*** Opening of Data supplied ***
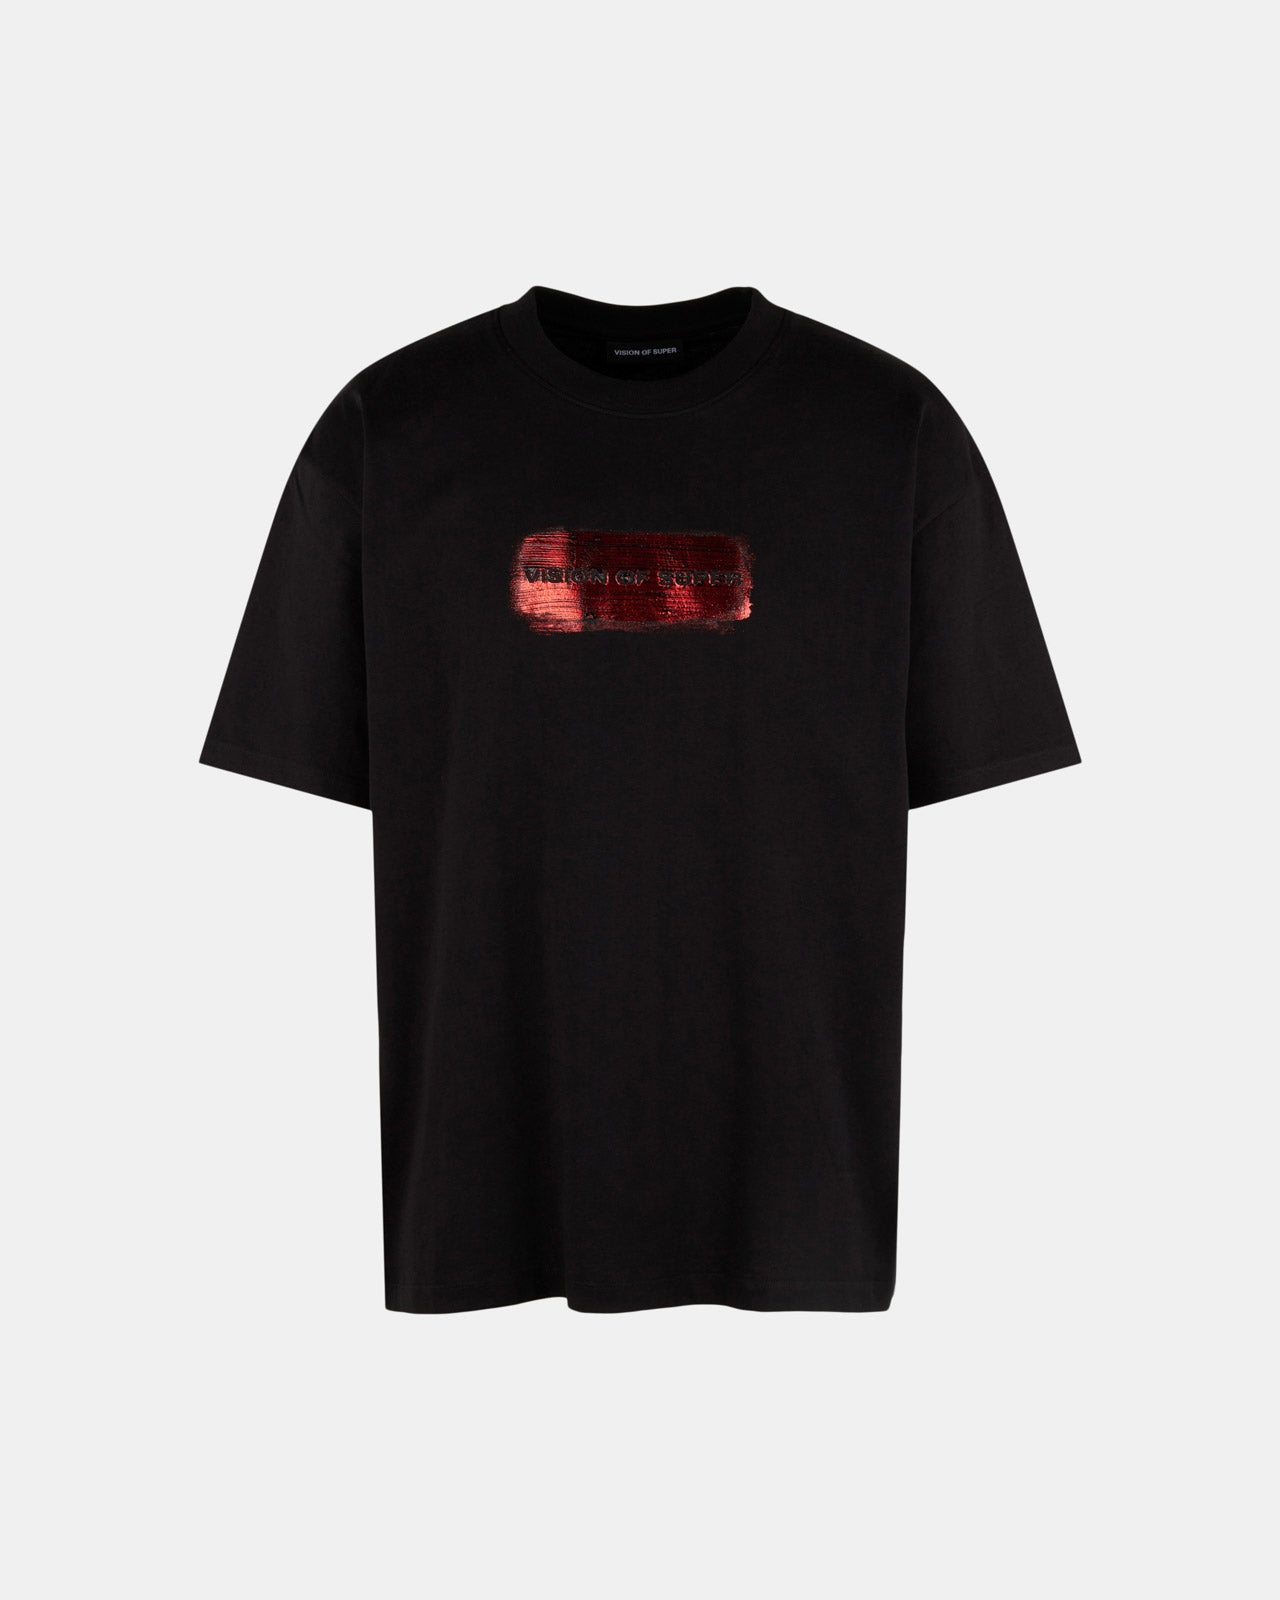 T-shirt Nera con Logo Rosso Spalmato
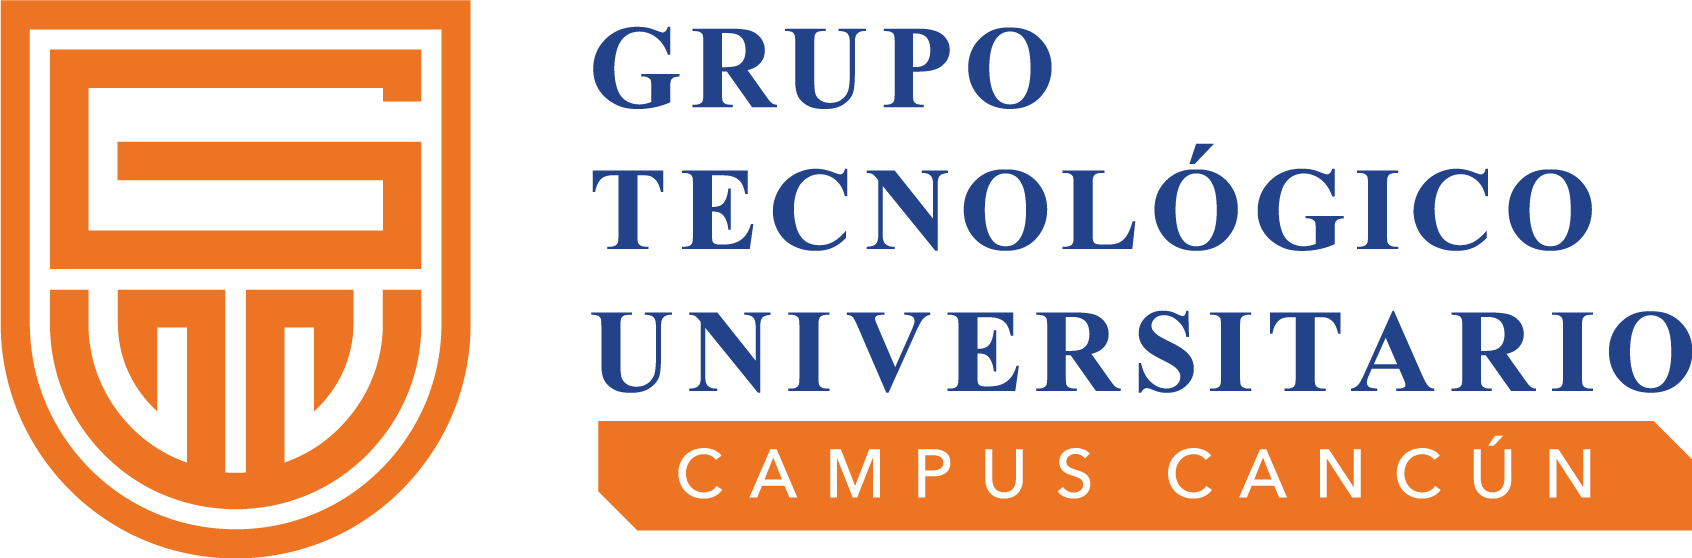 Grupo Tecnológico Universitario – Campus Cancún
*** Close of Data supplied ***
*** Opening of Data supplied ***
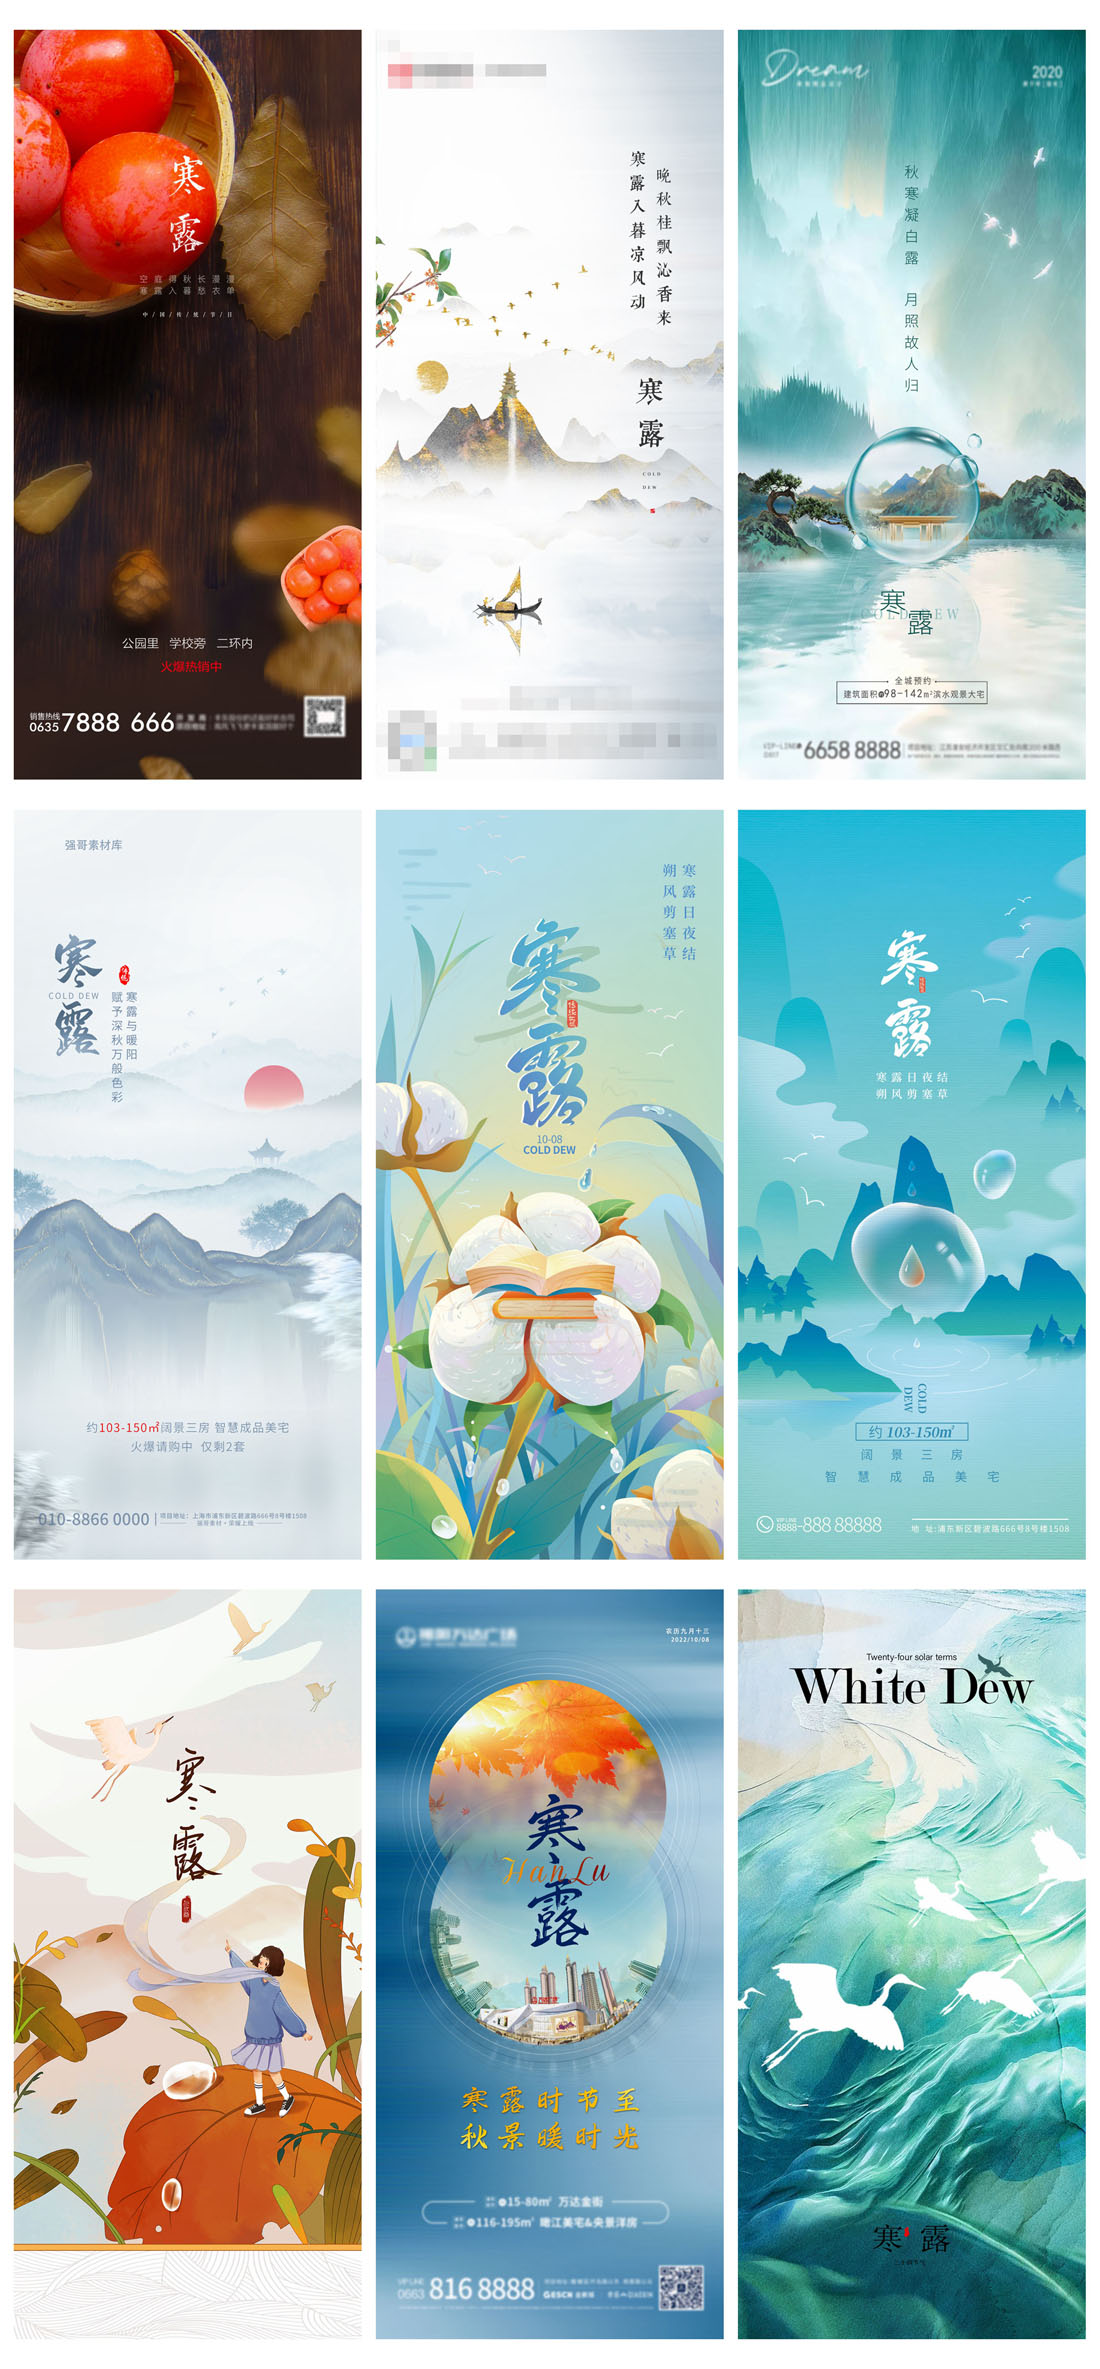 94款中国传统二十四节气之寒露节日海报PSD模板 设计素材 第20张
*** Close of Data supplied ***
■ **Exercise directions**
Reproduce the lines above starting at the one with "T-shirt Nera con Logo Rosso Spalmato" and ending at the one with "Grupo Tecnológico Universitario", both included, exactly and with no pictures.

■ **Result of the exercise**
 T-shirt Nera con Logo Rosso Spalmato
 Grupo Tecnológico Universitario – Campus Cancún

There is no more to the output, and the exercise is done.